::: Recorded information :::

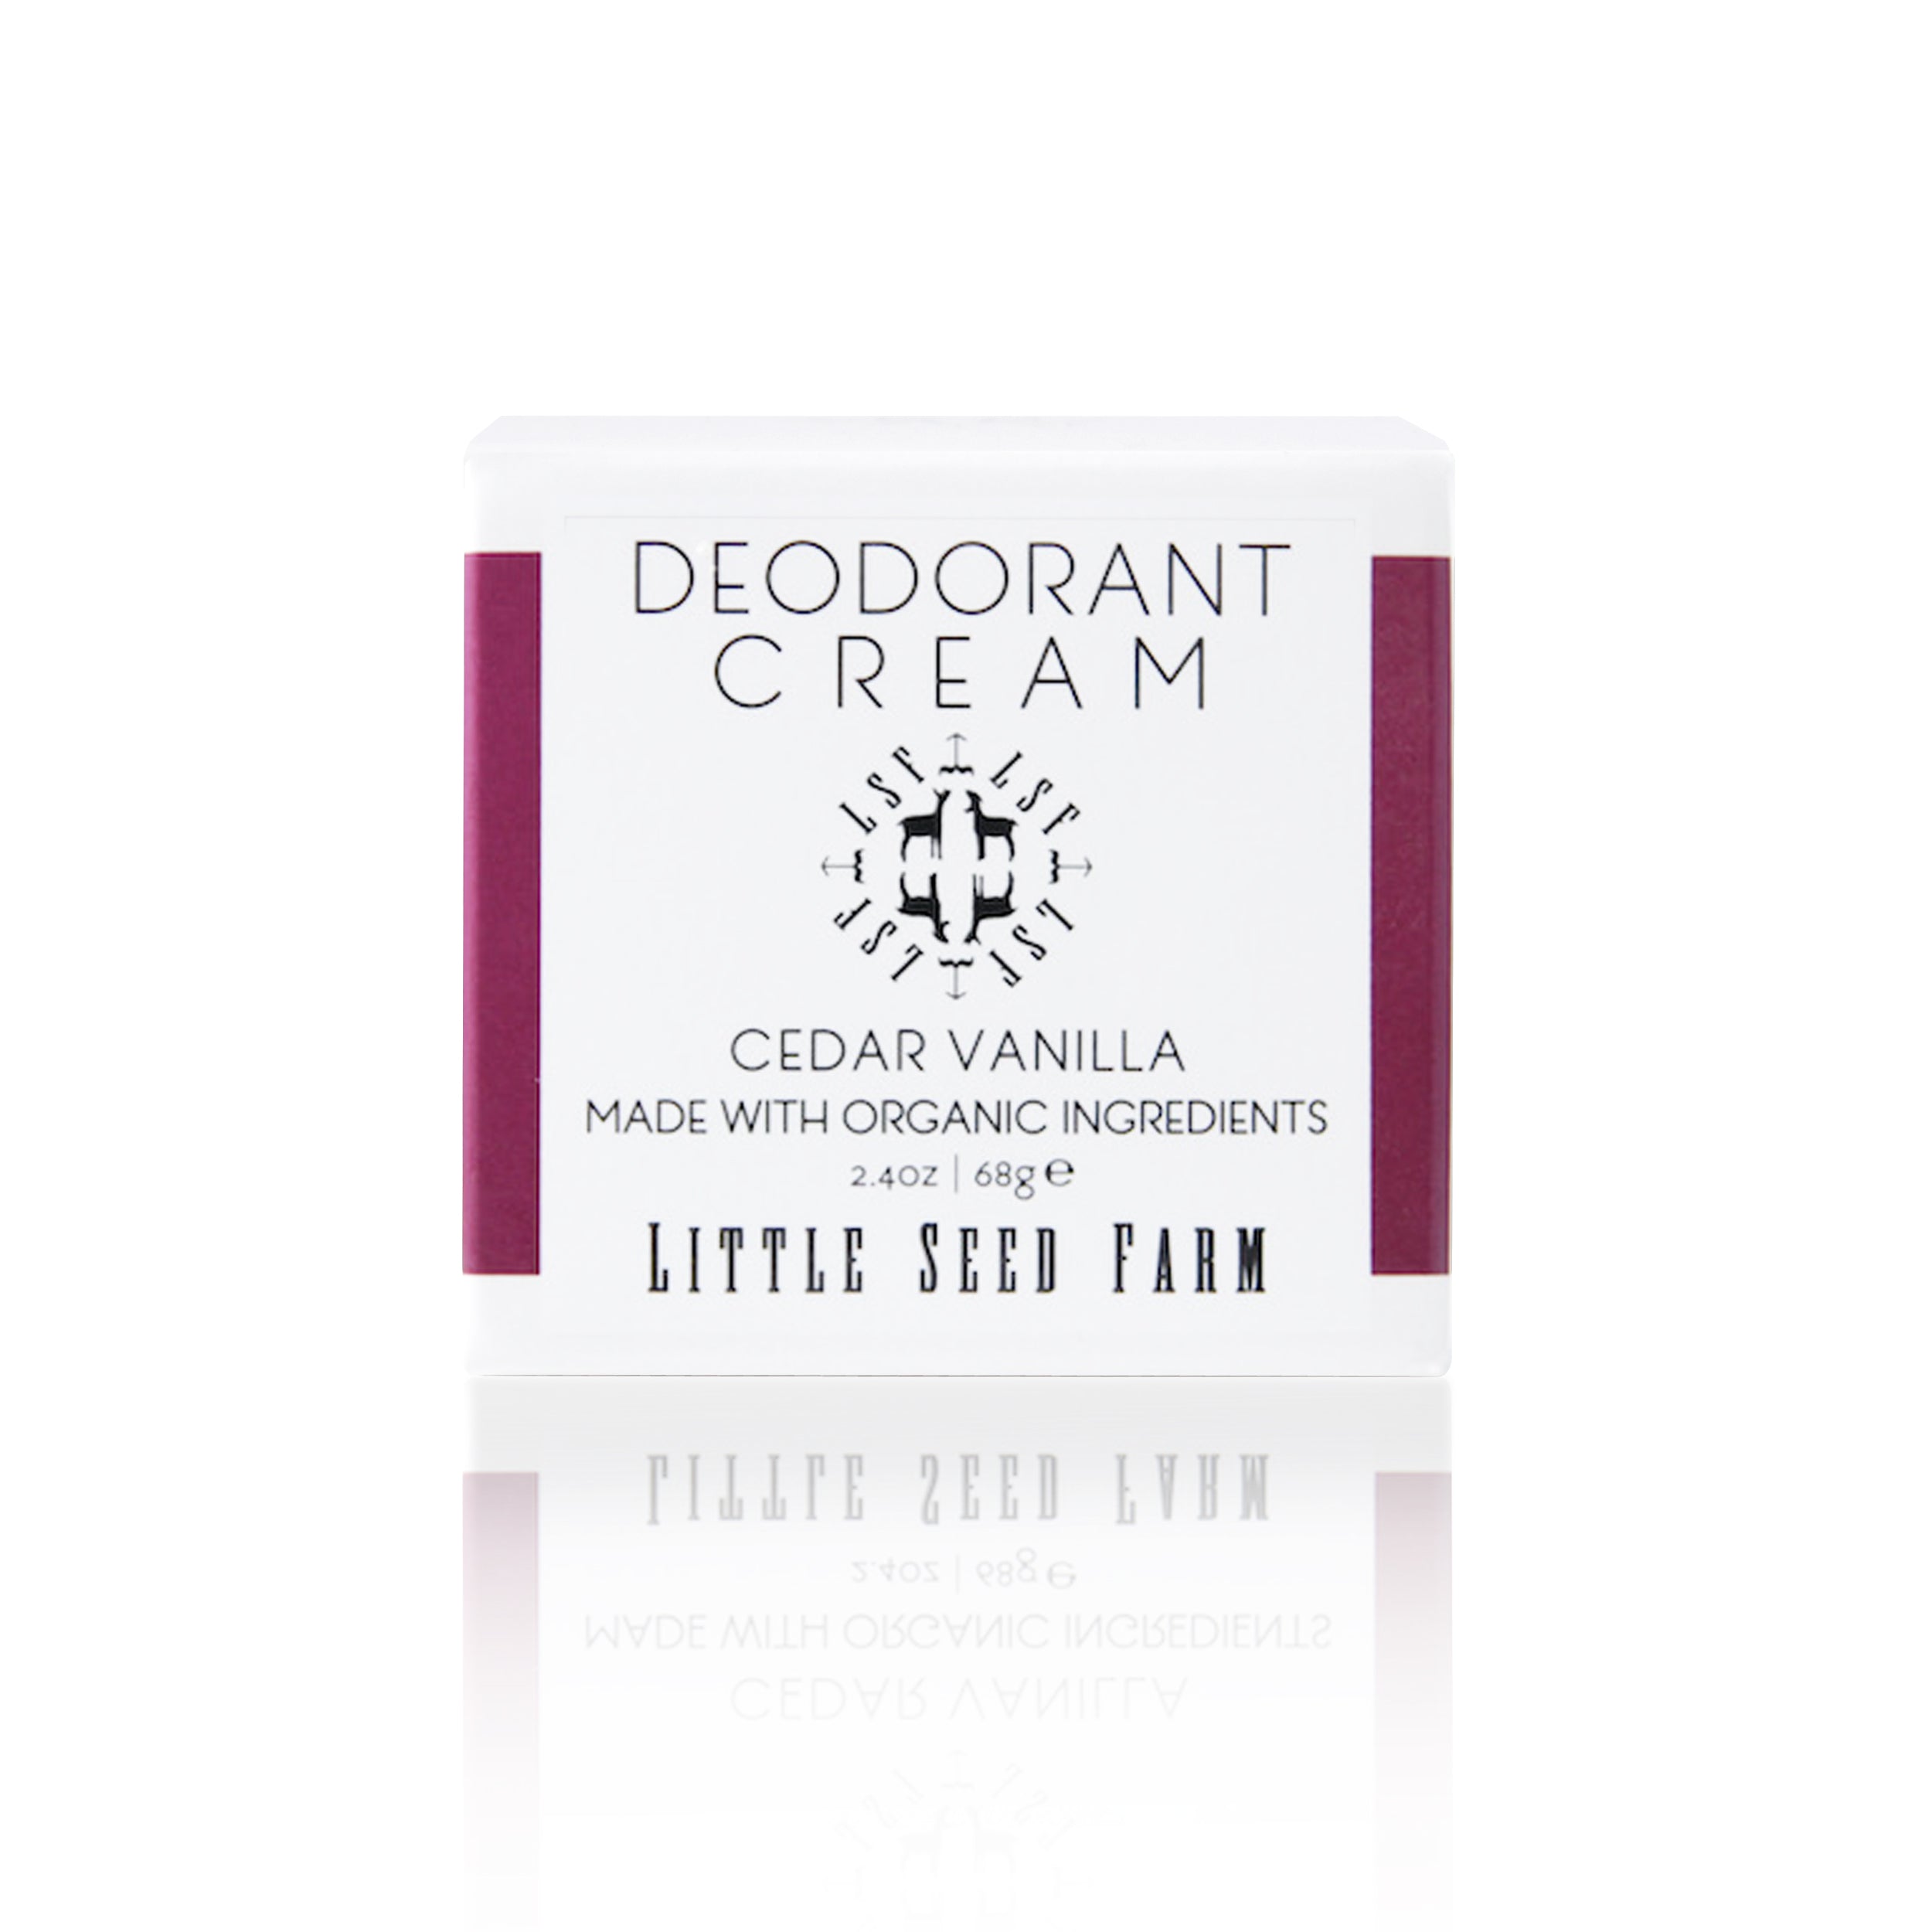 Deodorant Creams
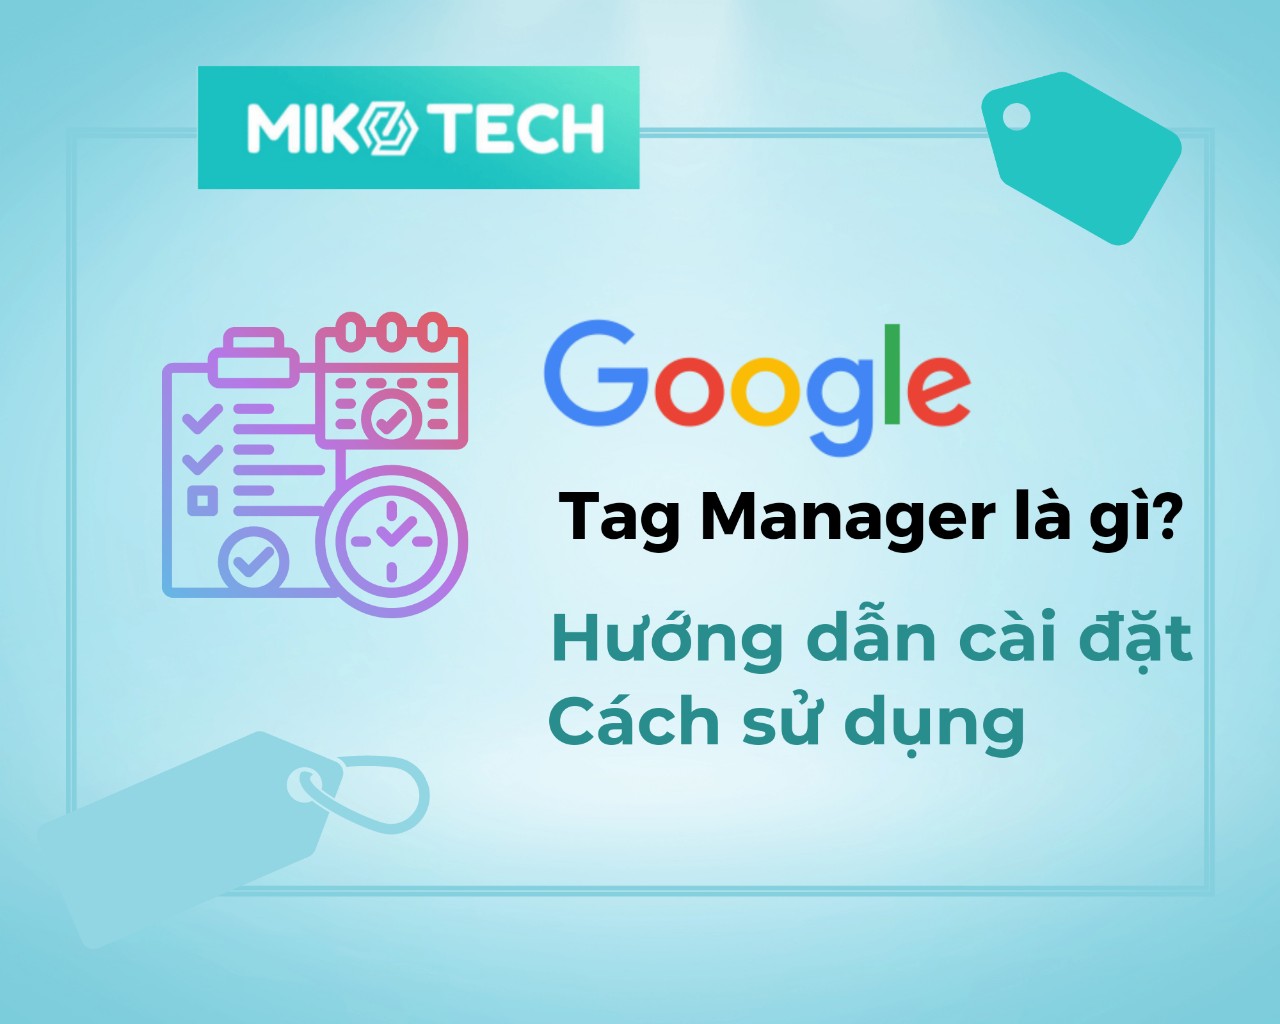 Google Tag Manager là gì? Hướng dẫn sử dụng GTM từ A đến Z
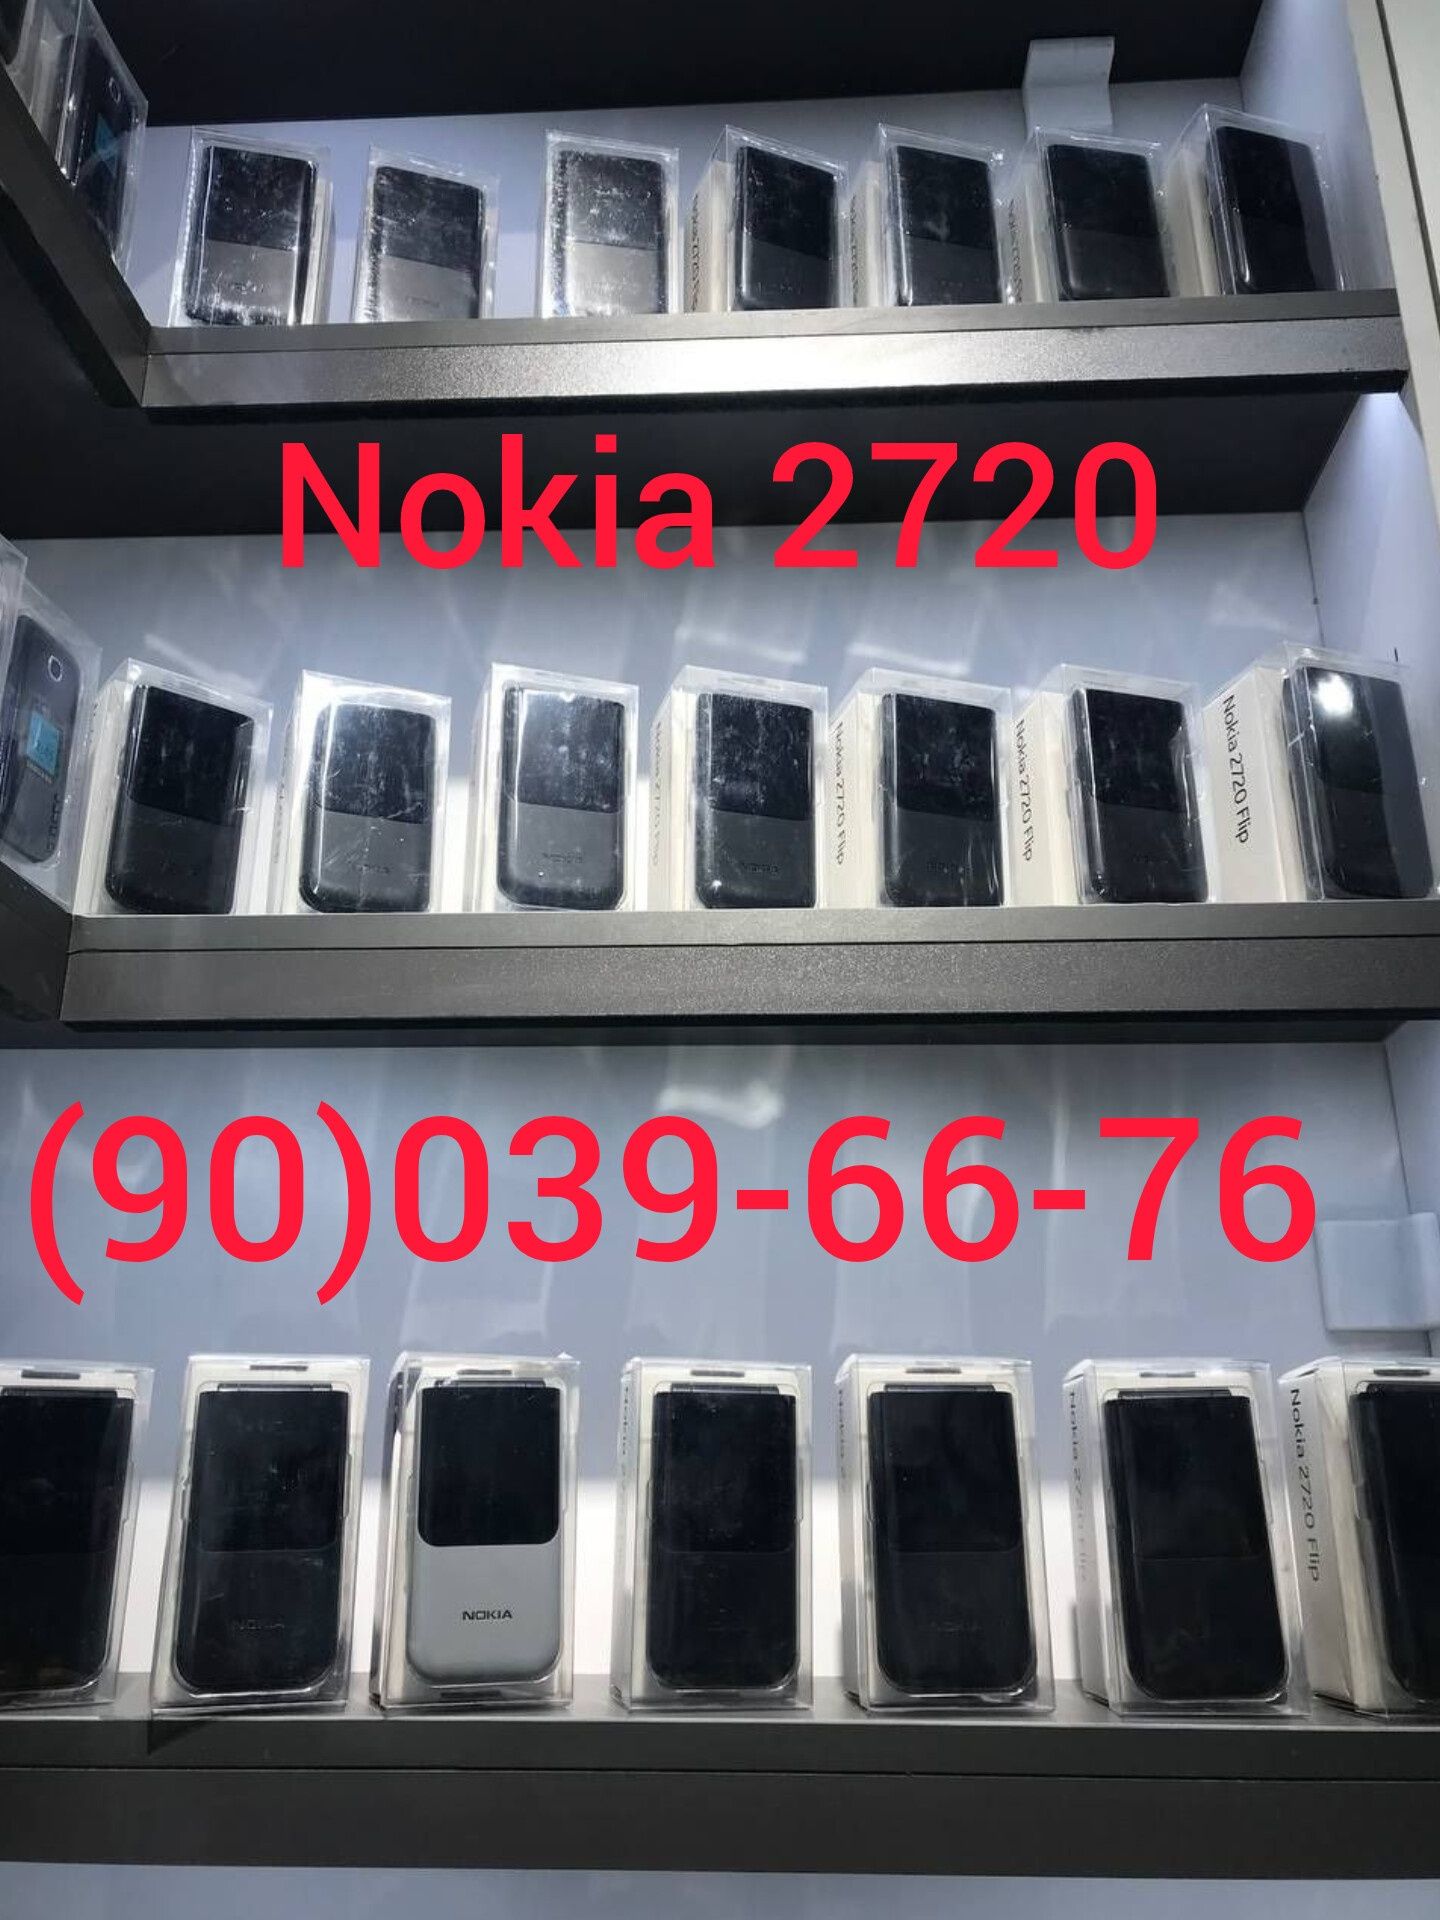 Samsung gusto 3 (B311V), Nokia 2720 flip, Nokia 2660 flip, YENGI, GSM.

:::

Task to complete: From the first line to the last, reproduce the listing above exactly, leaving the pictures out.

Result for this exercise:
 Deodorant Creams
 Google Tag Manager là gì? Hướng dẫn sử dụng GTM từ A đến Z
 Samsung gusto 3 (B311V), Nokia 2720 flip, Nokia 2660 flip, YENGI, GSM.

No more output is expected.